[Start of section]
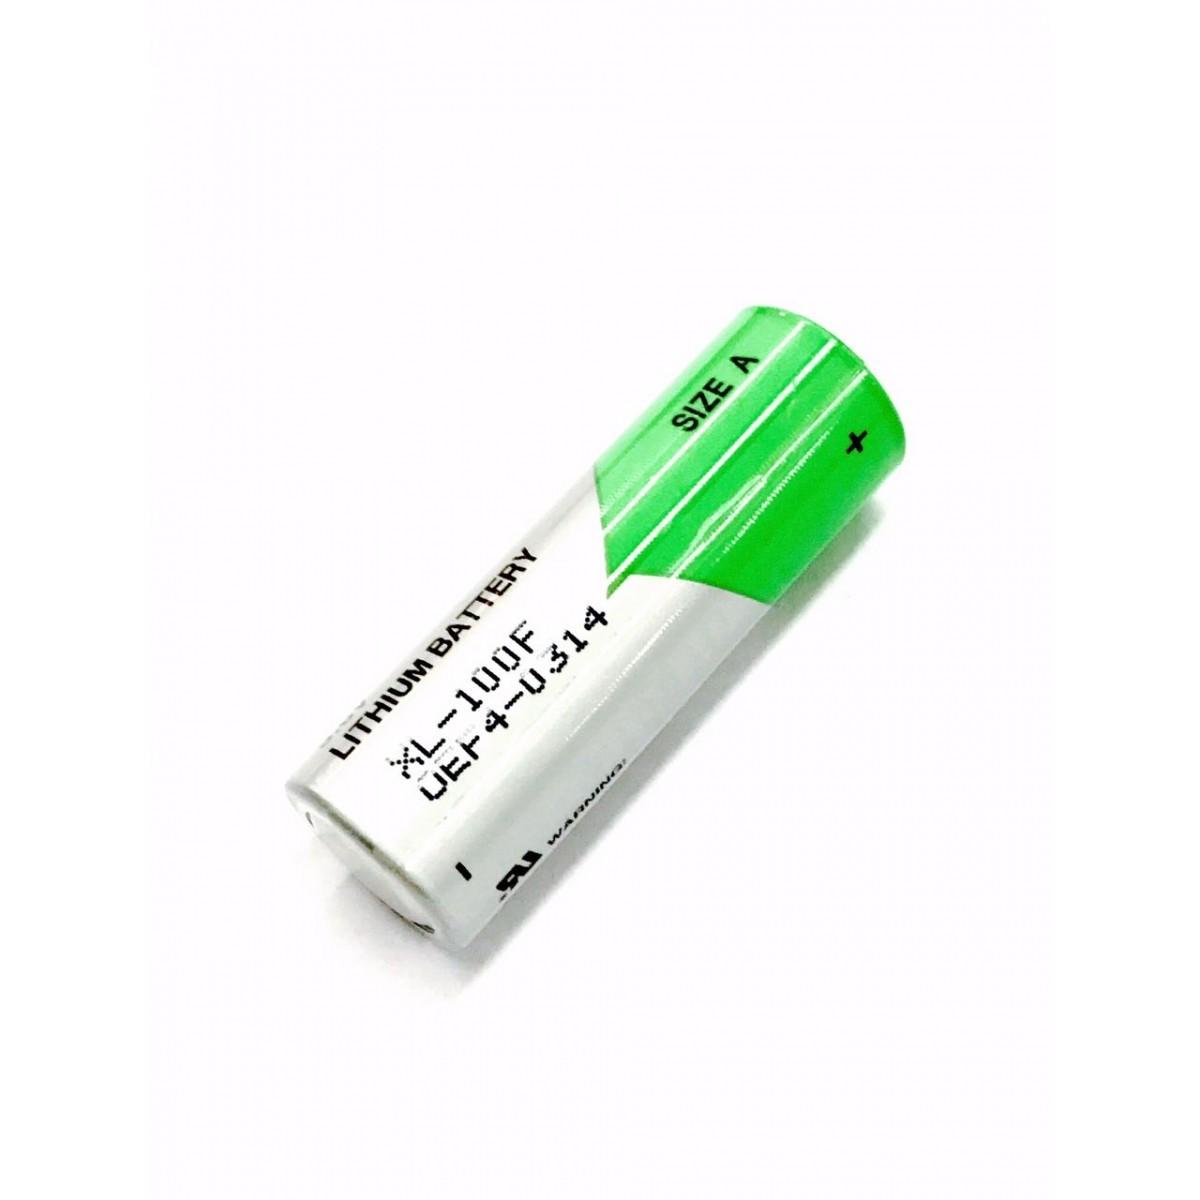 BATERIA XENO 17500 3,6V LITHIUM
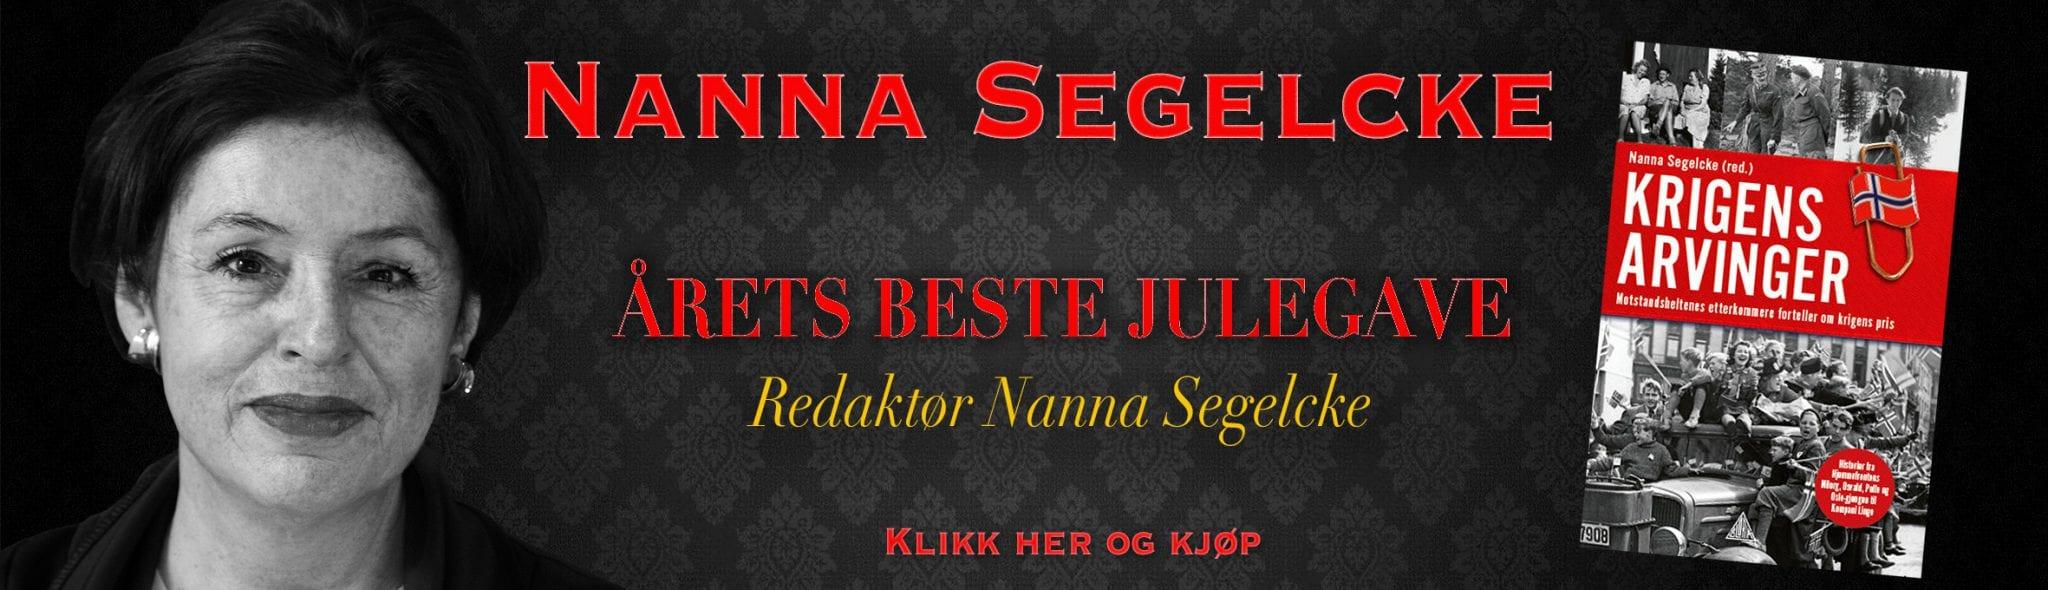 Nanna Segelcke Krigens Arvingr
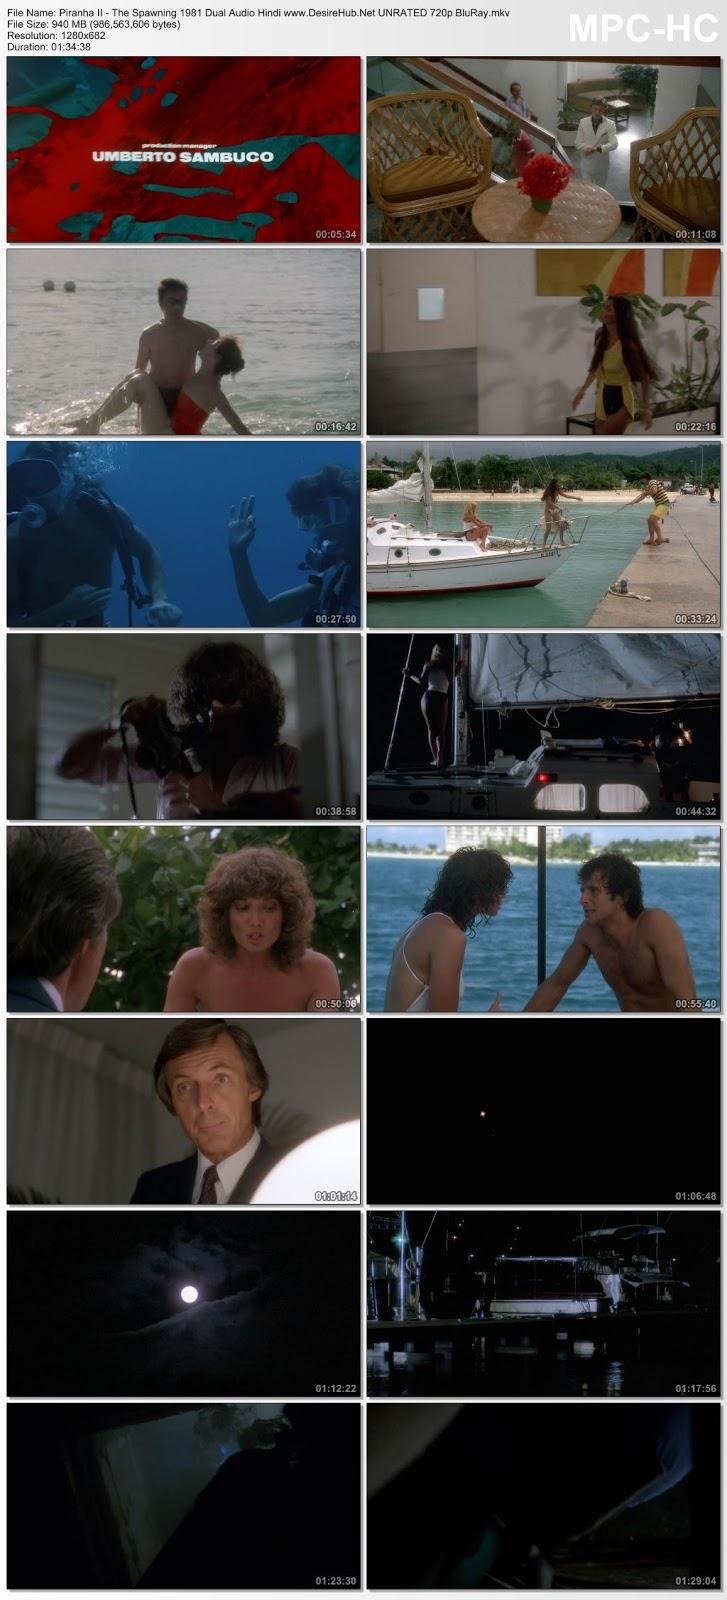 piranha ii the spawning 1981 watch online
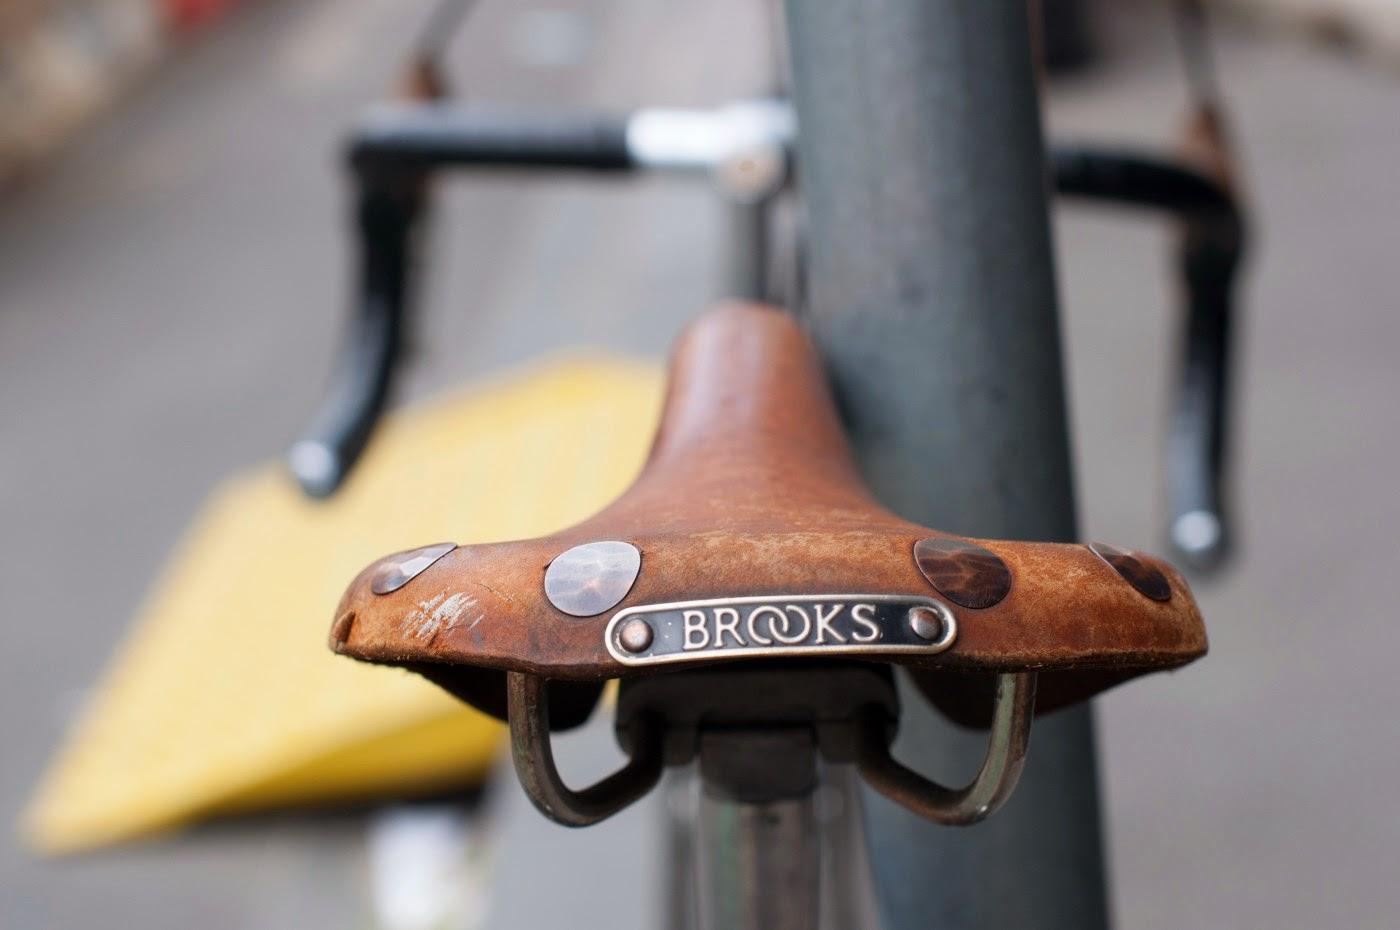 Nishiki, custom sport, 14 speed road bike, Swanston St, Melbourne, Australia, Tim Macauley, the Biketorialist, bespoke, frame, shimano
[End of section]
What is needed. Leave the pictures out and restate the listing word for word.

Response.
 BATERIA XENO 17500 3,6V LITHIUM
 Nanna Segelcke Krigens Arvingr
 piranha ii the spawning 1981 watch online
 Nishiki, custom sport, 14 speed road bike, Swanston St, Melbourne, Australia, Tim Macauley, the Biketorialist, bespoke, frame, shimano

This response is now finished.